Traveller looking at a traditional house and thinking about long term travel

Home is a concept

 

I’m not homeless. I’m just houseless.”

When I watched Chloé Zhao’s Nomadland (which is amazing, by the way) I related so much to this line. Since I don’t own or rent any property back in the UK, whichever hostel bed, Airbnb, night bus seat, or airport floor I’m sleeping on tonight is ‘home’ and the feeling is only liberating.  

When I boarded that one way flight out of London I felt in my heart that my time living in the UK had come to an end. I no longer consider my birth country my ‘home’ and I always grimace when I’m asked about my plans to ‘go home’ in the same way I do when the topic of ‘settling down’ crops up. Not that I’m not excited to catch up with family, friends and places that I will always love. I just don’t see myself sticking around in the UK long term and sliding back into my old ways. I don’t feel the need to pinpoint one specific place as home. 

Having met many other nomadic types and expats who have similar feelings, it’s affirming to be around others who share this sentiment. Not that you have to think like this when you travel perpetually, many people do still consider their birth country as home and that’s totally fine too. One of the attractive things about long term travel is that no two people want the same lifestyle and you have the freedom to make your own decision about what the concept of home really means to you. 

Friendships and long term travel

 

I absolutely, hand on my heart, love my long term travel lifestyle and I adore travelling both solo and with my boyfriend. Since starting my long term travel life, I’m lucky that I have never felt lonely (to be honest, I’ve always really liked being alone and now I have the space to prioritise personal time over socialising) and have been fortunate to make some incredible friends along the way. But I really notice the absence of long term friendships. I miss the consistency of friendship.

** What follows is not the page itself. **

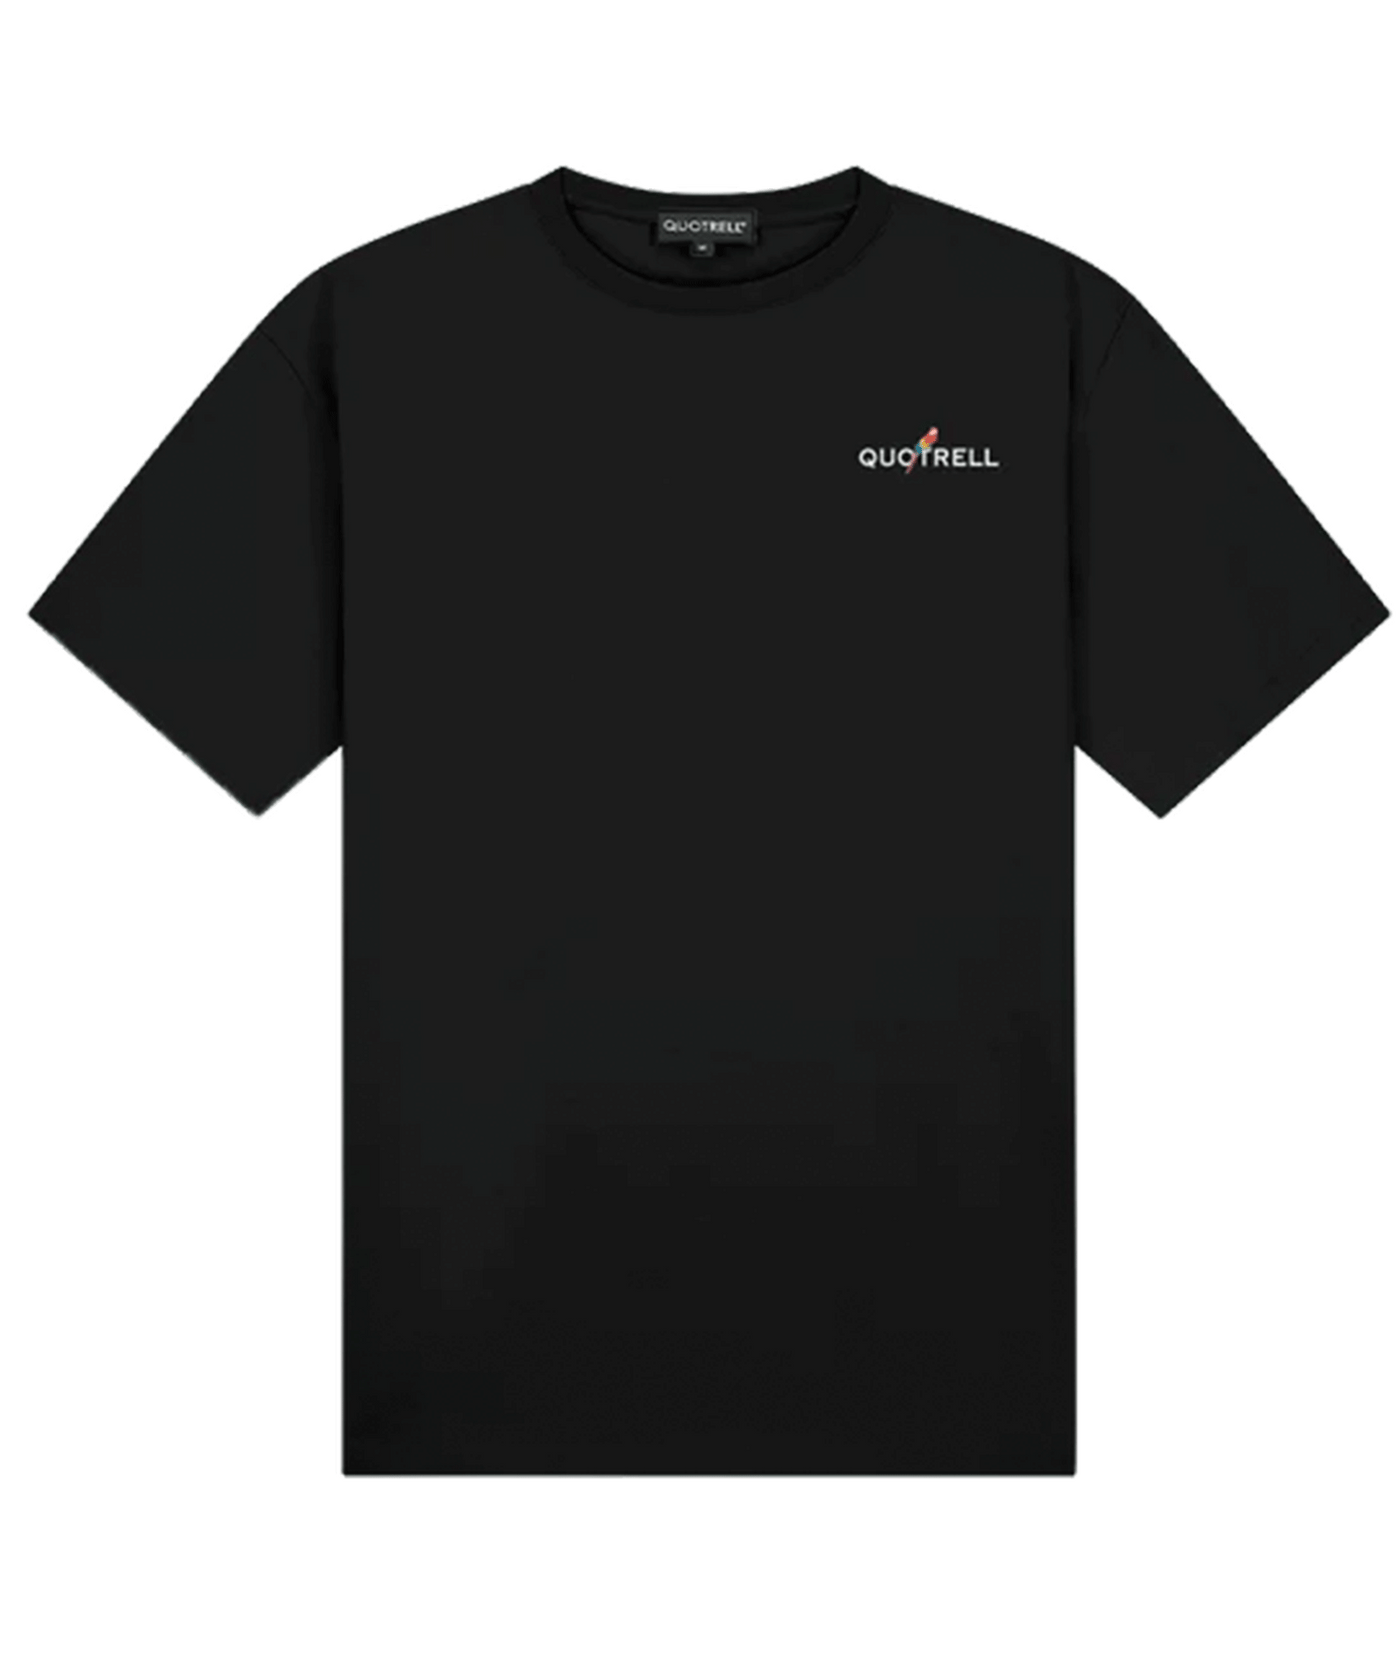 Quotrell - Resort - T-shirt - Black/white

It makes me sad that I haven’t seen some of the people I love the most in over three years. Some of my loveliest travel memories are from when friends flew out to visit me in New Zealand and times that I’ve crossed paths with familiar faces from England. WhatsApp makes things easier but it’s obviously a phone call is not the same and I miss those in-person conversations talking about nothing with the people I’m most comfortable with.

One of the more sobering realisations about long term travel is that many, or even most, long distance friendships will crumble. At the very most, they may revert to sporadic updates (usually when a conventional milestone happens, such as someone is getting married, having a baby, or buying a house). But what I really love is speaking to my closest friends on a regular basis and having normal chats that reach beyond all the headline stuff. 

The other side to this is that it’s also challenging to meet wonderful people on the road and to have to say goodbye after only a few days, weeks or months of spending time together. Of course, the silver lining is that there are a lot of places I’m motivated to travel to purely to see certain faces again.

 

Travel blogging is a time eater

 

I started my first travel blog a few months into my travels with the purpose of it being my portfolio to find freelance writing gigs. The OG All About The Après was a disaster and has long been laid to pixellated rest with its uncompressed graphics and even more typos than you’ll find on the site today. This one has a long way to go before I will consider feeling remotely happy with it. 

Running a travel blog while long term travelling (and possibly a freelance business) is so time-consuming and I honestly am amazed by anyone who manages to maintain a consistent travel blog alongside actually travelling and another job. I’m a patchy blogger with hopes to start posting more regularly at some point but until then it will be ad hoc scribbles and vague travel tips (when I actually remember to take notes about places I visit).

 

how to save money to travel

Alright, so that’s a few stray thoughts and roving reflections on long term travel. Fingers crossed that this time next year I’ll still be living and reflecting on this vagabond life. And hopefully, considering the current situation, vaccinated!